Work order
Go to the line in the entries below that holds "What are the cause of inflation" and repeat exactly from there through the line that holds "Ca accident injury", inclusive.

Record extracts
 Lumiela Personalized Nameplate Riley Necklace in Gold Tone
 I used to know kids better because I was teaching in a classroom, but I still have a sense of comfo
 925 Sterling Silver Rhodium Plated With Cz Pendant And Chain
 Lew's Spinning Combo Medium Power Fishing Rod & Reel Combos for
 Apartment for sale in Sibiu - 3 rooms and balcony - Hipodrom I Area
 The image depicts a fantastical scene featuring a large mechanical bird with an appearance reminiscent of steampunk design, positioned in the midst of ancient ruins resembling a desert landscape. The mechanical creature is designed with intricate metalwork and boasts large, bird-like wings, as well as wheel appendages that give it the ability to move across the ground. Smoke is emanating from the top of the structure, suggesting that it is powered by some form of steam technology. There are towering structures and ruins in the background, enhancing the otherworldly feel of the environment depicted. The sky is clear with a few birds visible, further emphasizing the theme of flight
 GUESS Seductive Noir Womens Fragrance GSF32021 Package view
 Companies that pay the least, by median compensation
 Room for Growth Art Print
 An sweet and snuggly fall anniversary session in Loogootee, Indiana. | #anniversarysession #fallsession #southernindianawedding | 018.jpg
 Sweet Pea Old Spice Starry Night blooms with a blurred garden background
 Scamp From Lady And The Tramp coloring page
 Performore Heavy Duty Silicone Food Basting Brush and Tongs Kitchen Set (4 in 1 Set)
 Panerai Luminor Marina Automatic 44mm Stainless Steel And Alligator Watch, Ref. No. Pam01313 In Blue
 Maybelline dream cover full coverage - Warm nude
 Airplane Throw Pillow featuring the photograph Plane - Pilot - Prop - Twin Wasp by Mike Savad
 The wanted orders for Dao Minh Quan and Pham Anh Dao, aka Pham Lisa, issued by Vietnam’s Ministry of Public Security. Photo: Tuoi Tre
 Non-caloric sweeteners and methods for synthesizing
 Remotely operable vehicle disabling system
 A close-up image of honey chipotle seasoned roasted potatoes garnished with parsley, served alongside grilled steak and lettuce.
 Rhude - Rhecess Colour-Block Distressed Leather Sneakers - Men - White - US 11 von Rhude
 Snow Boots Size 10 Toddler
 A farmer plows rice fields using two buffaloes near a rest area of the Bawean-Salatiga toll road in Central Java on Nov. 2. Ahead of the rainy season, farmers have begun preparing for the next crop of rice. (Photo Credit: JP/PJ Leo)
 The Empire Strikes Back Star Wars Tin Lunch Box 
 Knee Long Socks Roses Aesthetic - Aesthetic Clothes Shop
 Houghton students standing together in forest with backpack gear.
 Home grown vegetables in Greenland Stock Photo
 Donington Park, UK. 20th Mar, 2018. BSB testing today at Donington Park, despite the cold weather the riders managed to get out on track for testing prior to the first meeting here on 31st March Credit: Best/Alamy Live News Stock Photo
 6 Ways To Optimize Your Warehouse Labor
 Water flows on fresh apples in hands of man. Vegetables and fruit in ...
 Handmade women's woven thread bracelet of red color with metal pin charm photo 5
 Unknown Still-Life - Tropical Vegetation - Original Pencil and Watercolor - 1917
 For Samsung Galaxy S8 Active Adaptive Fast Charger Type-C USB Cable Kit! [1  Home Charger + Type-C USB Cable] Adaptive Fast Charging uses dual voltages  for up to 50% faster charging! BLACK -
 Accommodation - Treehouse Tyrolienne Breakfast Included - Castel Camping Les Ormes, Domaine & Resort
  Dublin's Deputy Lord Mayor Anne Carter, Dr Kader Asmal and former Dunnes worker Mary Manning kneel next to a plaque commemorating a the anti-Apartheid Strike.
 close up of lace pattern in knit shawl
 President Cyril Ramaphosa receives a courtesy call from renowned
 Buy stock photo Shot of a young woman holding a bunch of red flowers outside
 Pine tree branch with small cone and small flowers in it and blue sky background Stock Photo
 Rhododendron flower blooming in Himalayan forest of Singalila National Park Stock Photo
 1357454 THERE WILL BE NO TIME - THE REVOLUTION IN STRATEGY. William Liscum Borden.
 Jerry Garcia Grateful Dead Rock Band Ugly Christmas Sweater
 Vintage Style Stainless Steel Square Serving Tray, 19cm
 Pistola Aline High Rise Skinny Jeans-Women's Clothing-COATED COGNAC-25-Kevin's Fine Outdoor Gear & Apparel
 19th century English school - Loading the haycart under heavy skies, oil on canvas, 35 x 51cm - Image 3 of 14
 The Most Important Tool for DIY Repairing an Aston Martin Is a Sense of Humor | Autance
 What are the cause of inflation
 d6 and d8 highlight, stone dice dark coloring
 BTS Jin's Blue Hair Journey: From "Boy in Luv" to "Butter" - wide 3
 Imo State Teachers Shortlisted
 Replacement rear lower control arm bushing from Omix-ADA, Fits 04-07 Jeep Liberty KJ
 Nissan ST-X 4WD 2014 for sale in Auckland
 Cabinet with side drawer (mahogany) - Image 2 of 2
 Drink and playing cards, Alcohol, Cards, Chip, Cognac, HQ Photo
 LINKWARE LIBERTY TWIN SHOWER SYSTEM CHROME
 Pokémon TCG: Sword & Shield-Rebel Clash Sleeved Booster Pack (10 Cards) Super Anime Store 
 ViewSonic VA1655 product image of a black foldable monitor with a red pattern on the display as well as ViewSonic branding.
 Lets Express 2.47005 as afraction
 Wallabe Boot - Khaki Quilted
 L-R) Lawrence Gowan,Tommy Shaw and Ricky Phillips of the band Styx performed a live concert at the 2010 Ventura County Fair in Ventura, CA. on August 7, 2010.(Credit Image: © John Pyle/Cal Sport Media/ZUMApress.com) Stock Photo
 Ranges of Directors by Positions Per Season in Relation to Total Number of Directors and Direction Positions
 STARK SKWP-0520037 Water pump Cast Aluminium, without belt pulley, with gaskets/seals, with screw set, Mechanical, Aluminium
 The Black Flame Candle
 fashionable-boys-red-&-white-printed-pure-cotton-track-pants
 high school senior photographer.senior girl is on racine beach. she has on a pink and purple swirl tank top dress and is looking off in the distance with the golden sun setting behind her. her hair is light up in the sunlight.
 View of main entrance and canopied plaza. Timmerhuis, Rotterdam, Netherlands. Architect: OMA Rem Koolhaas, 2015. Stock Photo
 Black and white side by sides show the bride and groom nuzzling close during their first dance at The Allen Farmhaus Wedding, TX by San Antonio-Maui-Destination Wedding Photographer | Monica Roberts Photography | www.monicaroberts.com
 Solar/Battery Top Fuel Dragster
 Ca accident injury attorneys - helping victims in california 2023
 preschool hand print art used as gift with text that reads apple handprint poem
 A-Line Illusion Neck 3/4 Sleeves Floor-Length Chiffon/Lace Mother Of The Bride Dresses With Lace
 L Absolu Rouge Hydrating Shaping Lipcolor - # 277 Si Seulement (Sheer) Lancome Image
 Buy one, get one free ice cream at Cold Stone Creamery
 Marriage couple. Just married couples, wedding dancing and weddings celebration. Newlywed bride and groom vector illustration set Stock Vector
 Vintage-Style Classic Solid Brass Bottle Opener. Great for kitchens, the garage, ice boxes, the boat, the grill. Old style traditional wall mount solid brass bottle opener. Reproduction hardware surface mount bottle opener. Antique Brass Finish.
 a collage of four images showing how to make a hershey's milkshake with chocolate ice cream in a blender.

Written answer
 What are the cause of inflation
 d6 and d8 highlight, stone dice dark coloring
 BTS Jin's Blue Hair Journey: From "Boy in Luv" to "Butter" - wide 3
 Imo State Teachers Shortlisted
 Replacement rear lower control arm bushing from Omix-ADA, Fits 04-07 Jeep Liberty KJ
 Nissan ST-X 4WD 2014 for sale in Auckland
 Cabinet with side drawer (mahogany) - Image 2 of 2
 Drink and playing cards, Alcohol, Cards, Chip, Cognac, HQ Photo
 LINKWARE LIBERTY TWIN SHOWER SYSTEM CHROME
 Pokémon TCG: Sword & Shield-Rebel Clash Sleeved Booster Pack (10 Cards) Super Anime Store 
 ViewSonic VA1655 product image of a black foldable monitor with a red pattern on the display as well as ViewSonic branding.
 Lets Express 2.47005 as afraction
 Wallabe Boot - Khaki Quilted
 L-R) Lawrence Gowan,Tommy Shaw and Ricky Phillips of the band Styx performed a live concert at the 2010 Ventura County Fair in Ventura, CA. on August 7, 2010.(Credit Image: © John Pyle/Cal Sport Media/ZUMApress.com) Stock Photo
 Ranges of Directors by Positions Per Season in Relation to Total Number of Directors and Direction Positions
 STARK SKWP-0520037 Water pump Cast Aluminium, without belt pulley, with gaskets/seals, with screw set, Mechanical, Aluminium
 The Black Flame Candle
 fashionable-boys-red-&-white-printed-pure-cotton-track-pants
 high school senior photographer.senior girl is on racine beach. she has on a pink and purple swirl tank top dress and is looking off in the distance with the golden sun setting behind her. her hair is light up in the sunlight.
 View of main entrance and canopied plaza. Timmerhuis, Rotterdam, Netherlands. Architect: OMA Rem Koolhaas, 2015. Stock Photo
 Black and white side by sides show the bride and groom nuzzling close during their first dance at The Allen Farmhaus Wedding, TX by San Antonio-Maui-Destination Wedding Photographer | Monica Roberts Photography | www.monicaroberts.com
 Solar/Battery Top Fuel Dragster
 Ca accident injury attorneys - helping victims in california 2023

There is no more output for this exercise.